- Died: 29 April 1862 Dumfries Prison, Dumfries, Scotland
- Cause of death: Execution by hanging
- Criminal status: Executed
- Conviction: Murder
- Criminal penalty: Death by hanging

= Mary Timney =

Scottish murderer

Mary Timney (died 29 April 1862) was the last woman publicly executed in Scotland. She had been convicted of the murder of her landlady Ann Hannah.

Timney lived in Carsphad, three miles from St John's town of Dalry in a stone cottage adjacent to Hannah's house. The two of them argued regularly, and Hannah suspected Timney of stealing firewood. Timney also accused her husband of having an affair with Hannah.

On 13 January 1862, Hannah's brother Lockhart found her body on the floor and called the police. She had been beaten to death. A butcher's knife and a two-foot long iron fire poker, both covered in blood, were lying next to the body. Several witnesses said they had seen Mary Timney exiting Hannah's house holding a wooden mallet and with blood on her dress, and she was arrested. The mallet was found in her attic, wrapped in a bloodstained dress matching the description given by witnesses. Several items from Ann Hannah's kitchen were found in her house.

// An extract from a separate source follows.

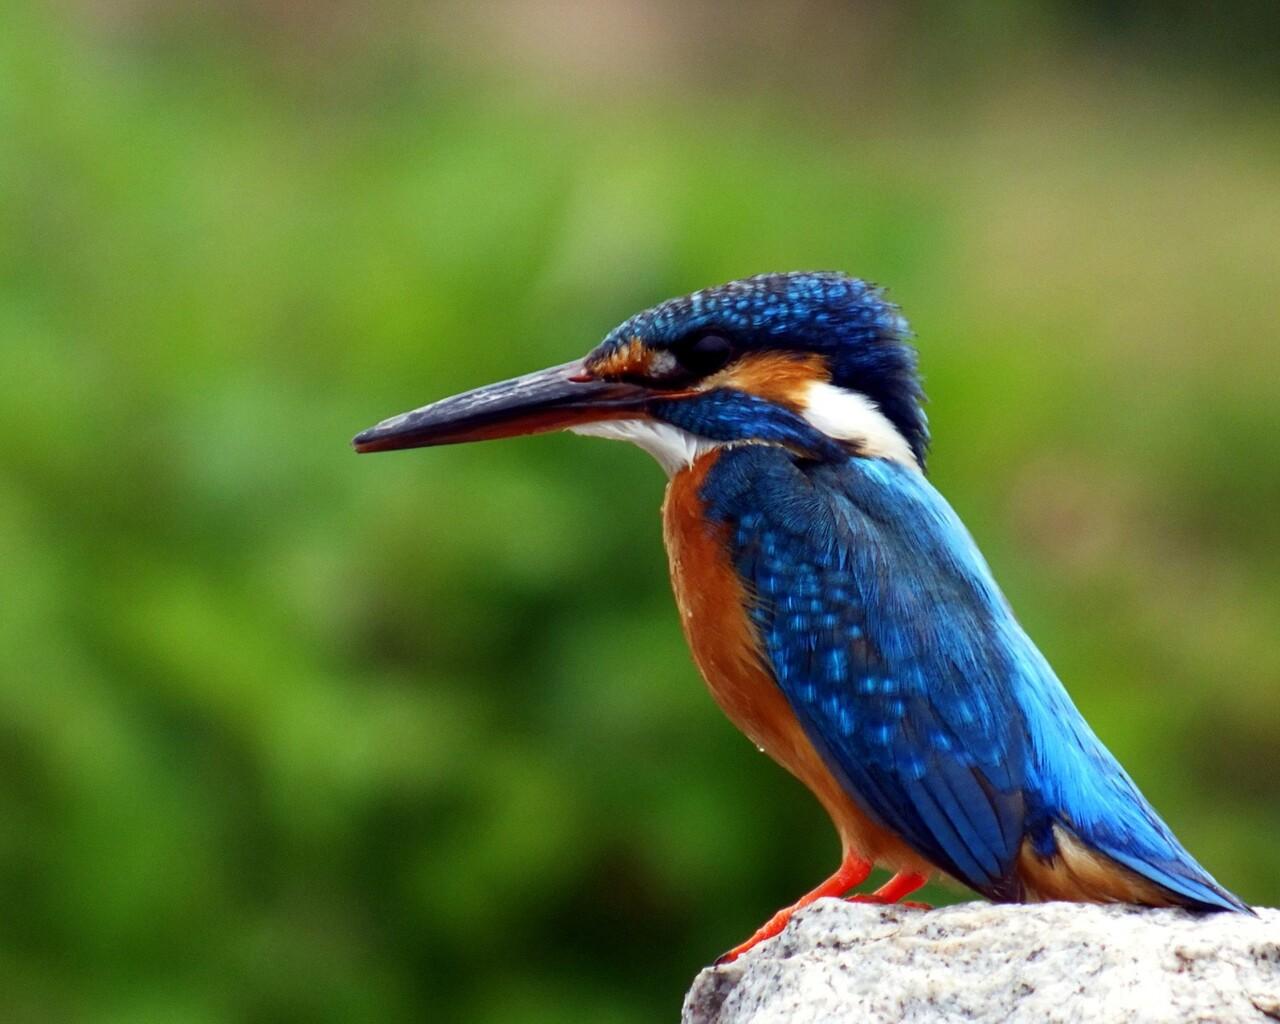 kingfisher-bird.jpg

At her trial Timney claimed self-defence: she said that Hannah had attacked her during an argument about Hannah's refusal to lend her any money and she had defended herself using the objects to hand. She was convicted and sentenced to death by hanging. Upon hearing of the death sentence, she cried out "Oh, my Lord, dinna do that! Give me anything but that, let the Lord send for me!".

Timney's case became a cause célèbre due to her four young children. A petition for clemency signed by 3,000 people was submitted to Home Secretary Sir George Grey, but was rejected. Timney was hanged by William Calcraft at Buccleuch Street Prison in Dumfries on 29 April 1862.